## WHAT TO PRODUCE
Beginning with the line containing "Nematodes are the" and going on through the line containing "CBSE Class 10", the lines below are to be returned exactly, pictures excluded and nothing added.

## TASK DATA
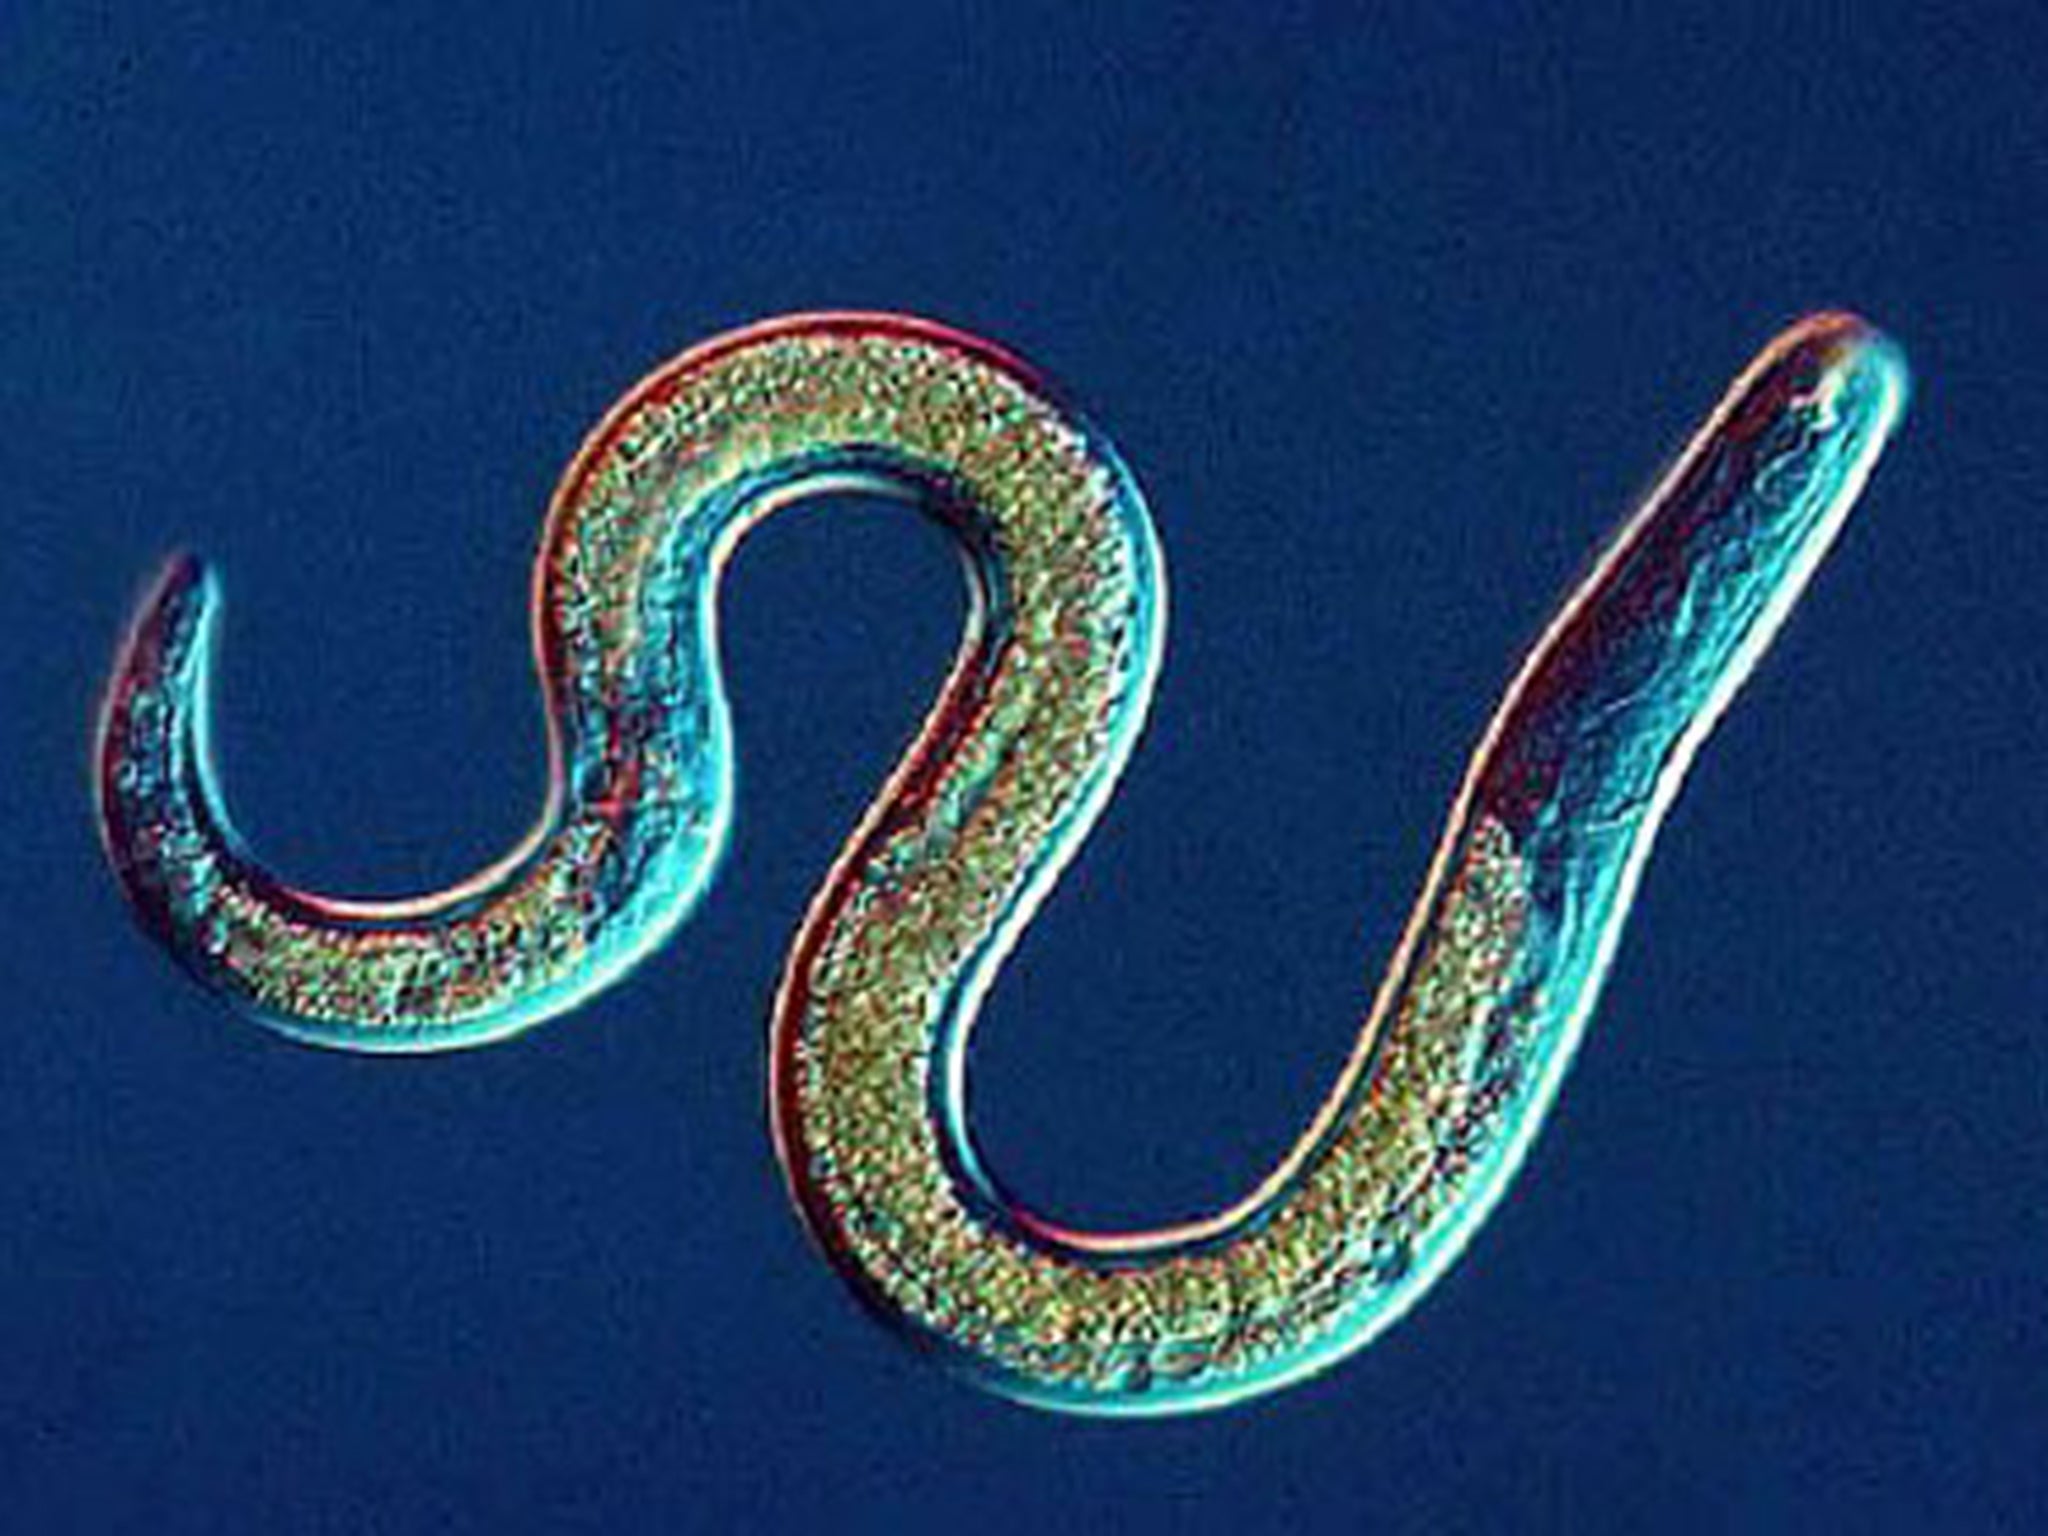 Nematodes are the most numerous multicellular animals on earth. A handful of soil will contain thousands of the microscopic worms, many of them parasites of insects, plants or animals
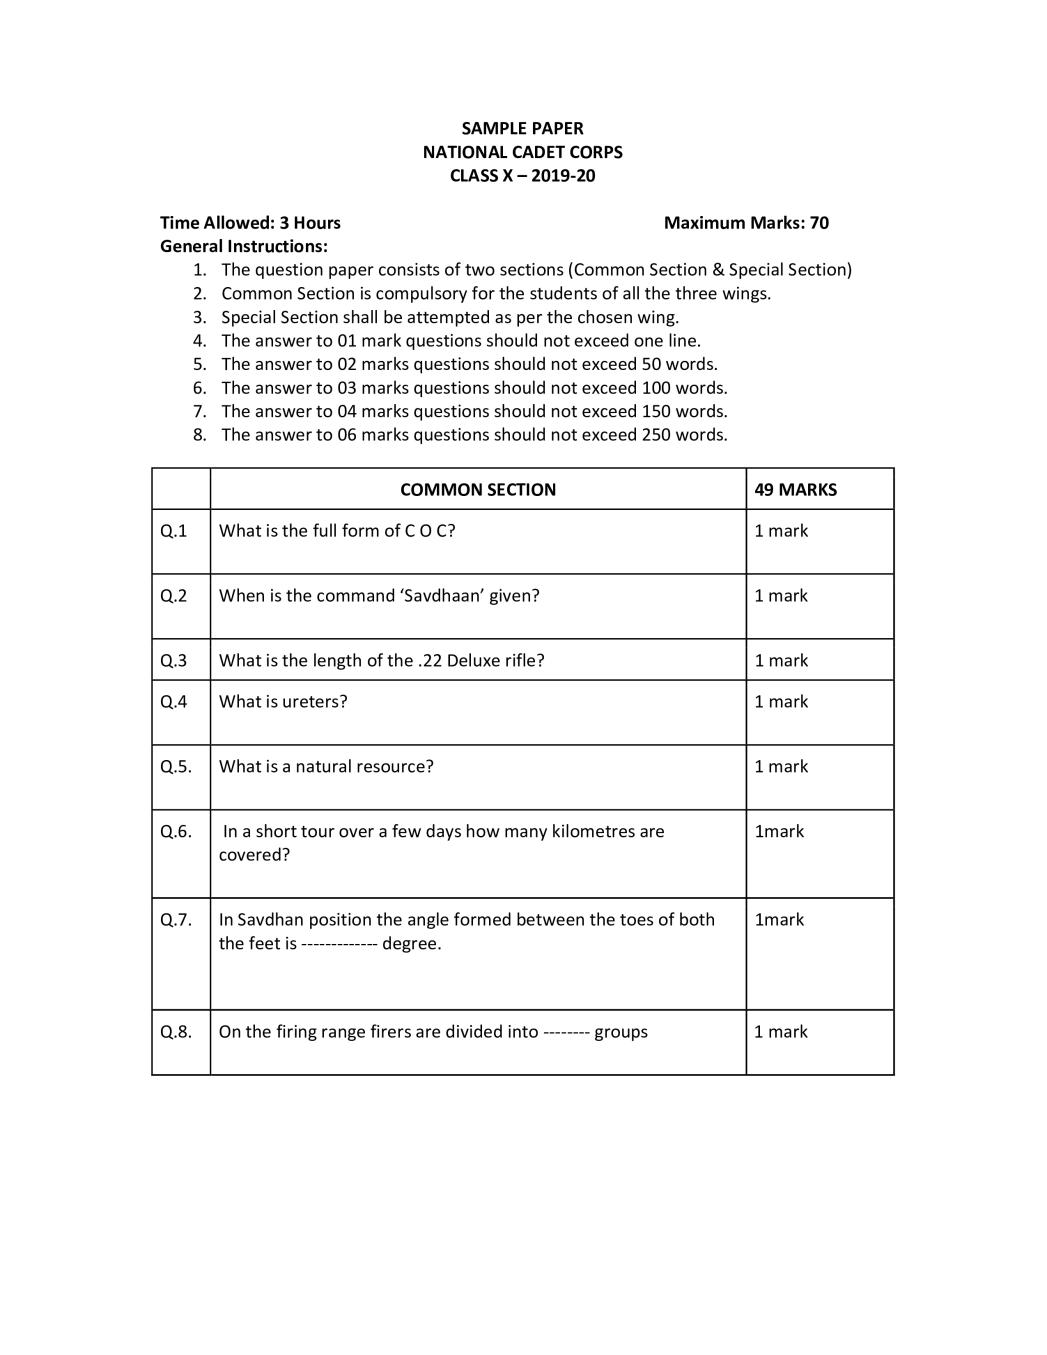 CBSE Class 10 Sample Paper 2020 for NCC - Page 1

--

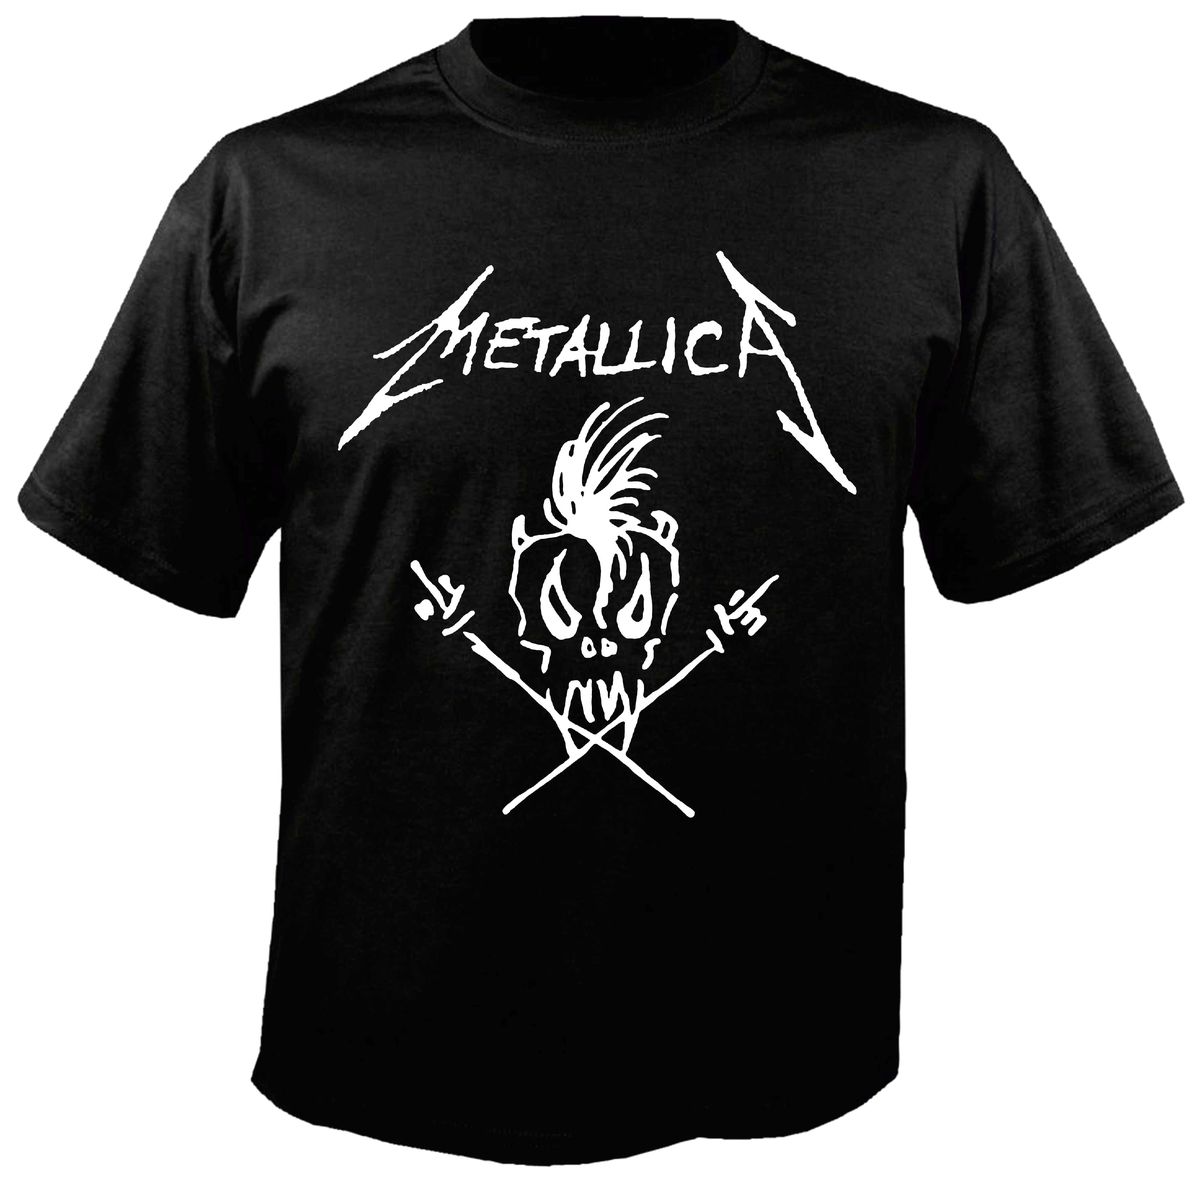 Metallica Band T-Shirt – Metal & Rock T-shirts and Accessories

## SOLUTION
 Nematodes are the most numerous multicellular animals on earth. A handful of soil will contain thousands of the microscopic worms, many of them parasites of insects, plants or animals
 CBSE Class 10 Sample Paper 2020 for NCC - Page 1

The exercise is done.